WHAT THE EXERCISE ASKS ▸
Every line of the data below is to be duplicated exactly, pictures excepted.

SUPPLIED MATERIAL ▸
——————
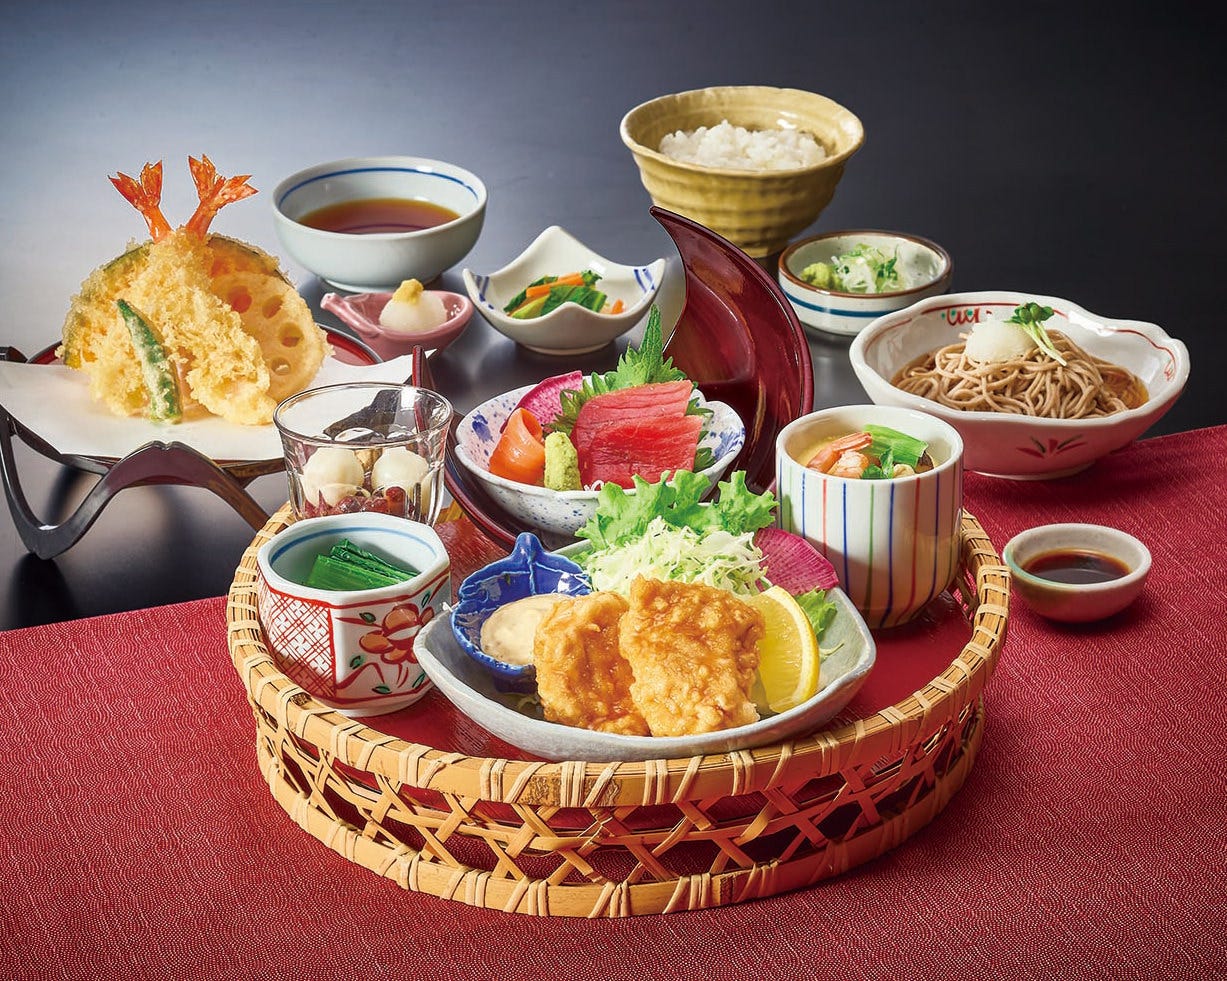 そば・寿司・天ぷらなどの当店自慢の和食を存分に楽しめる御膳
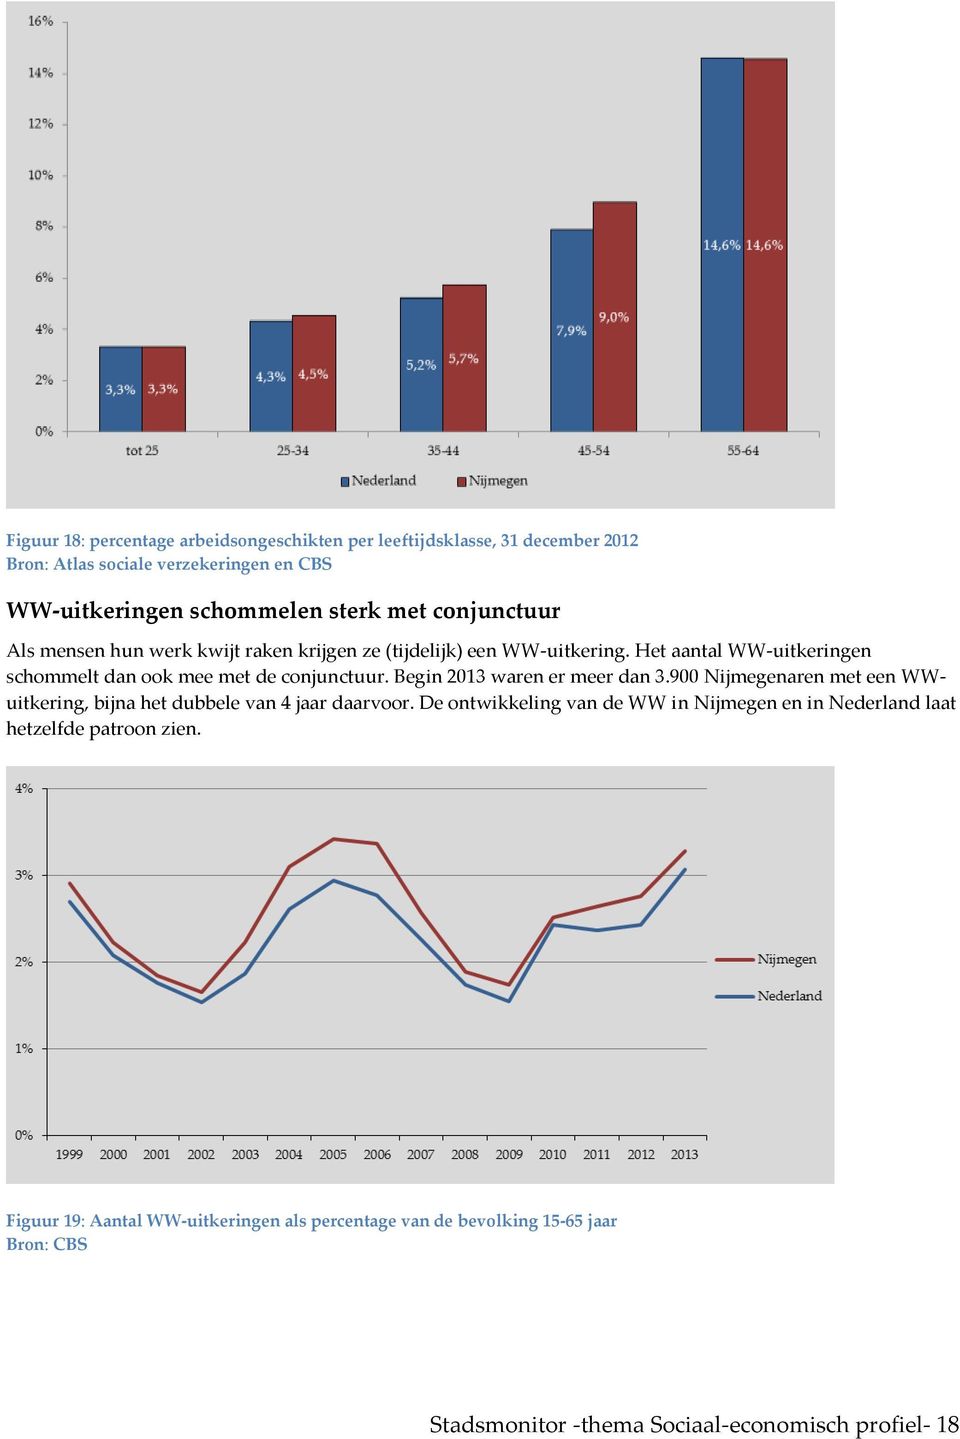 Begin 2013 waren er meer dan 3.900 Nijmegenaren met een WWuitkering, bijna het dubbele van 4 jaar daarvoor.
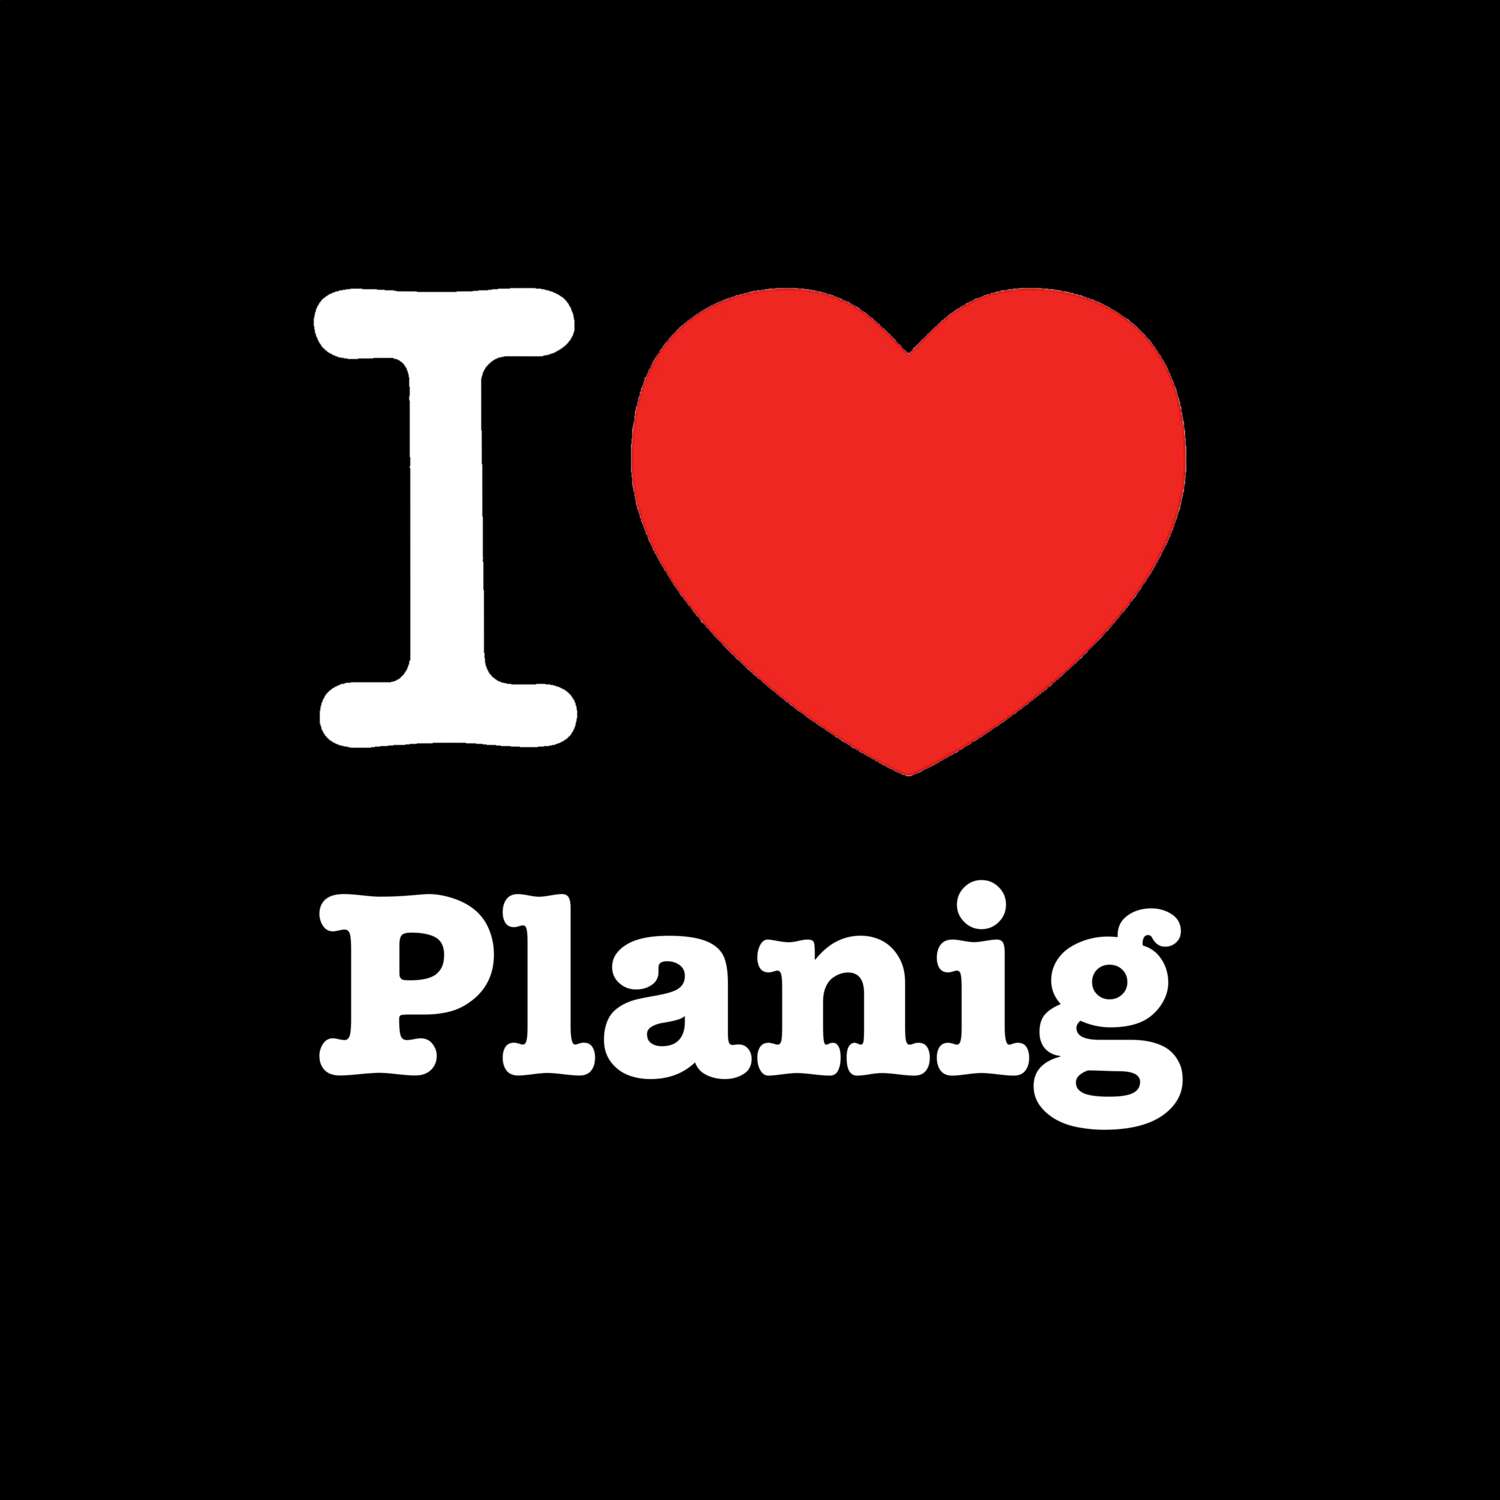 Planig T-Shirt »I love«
——————
ANSWER SECTION ▸
 そば・寿司・天ぷらなどの当店自慢の和食を存分に楽しめる御膳
 Begin 2013 waren er meer dan 3.900 Nijmegenaren met een WWuitkering, bijna het dubbele van 4 jaar daarvoor.
 Planig T-Shirt »I love«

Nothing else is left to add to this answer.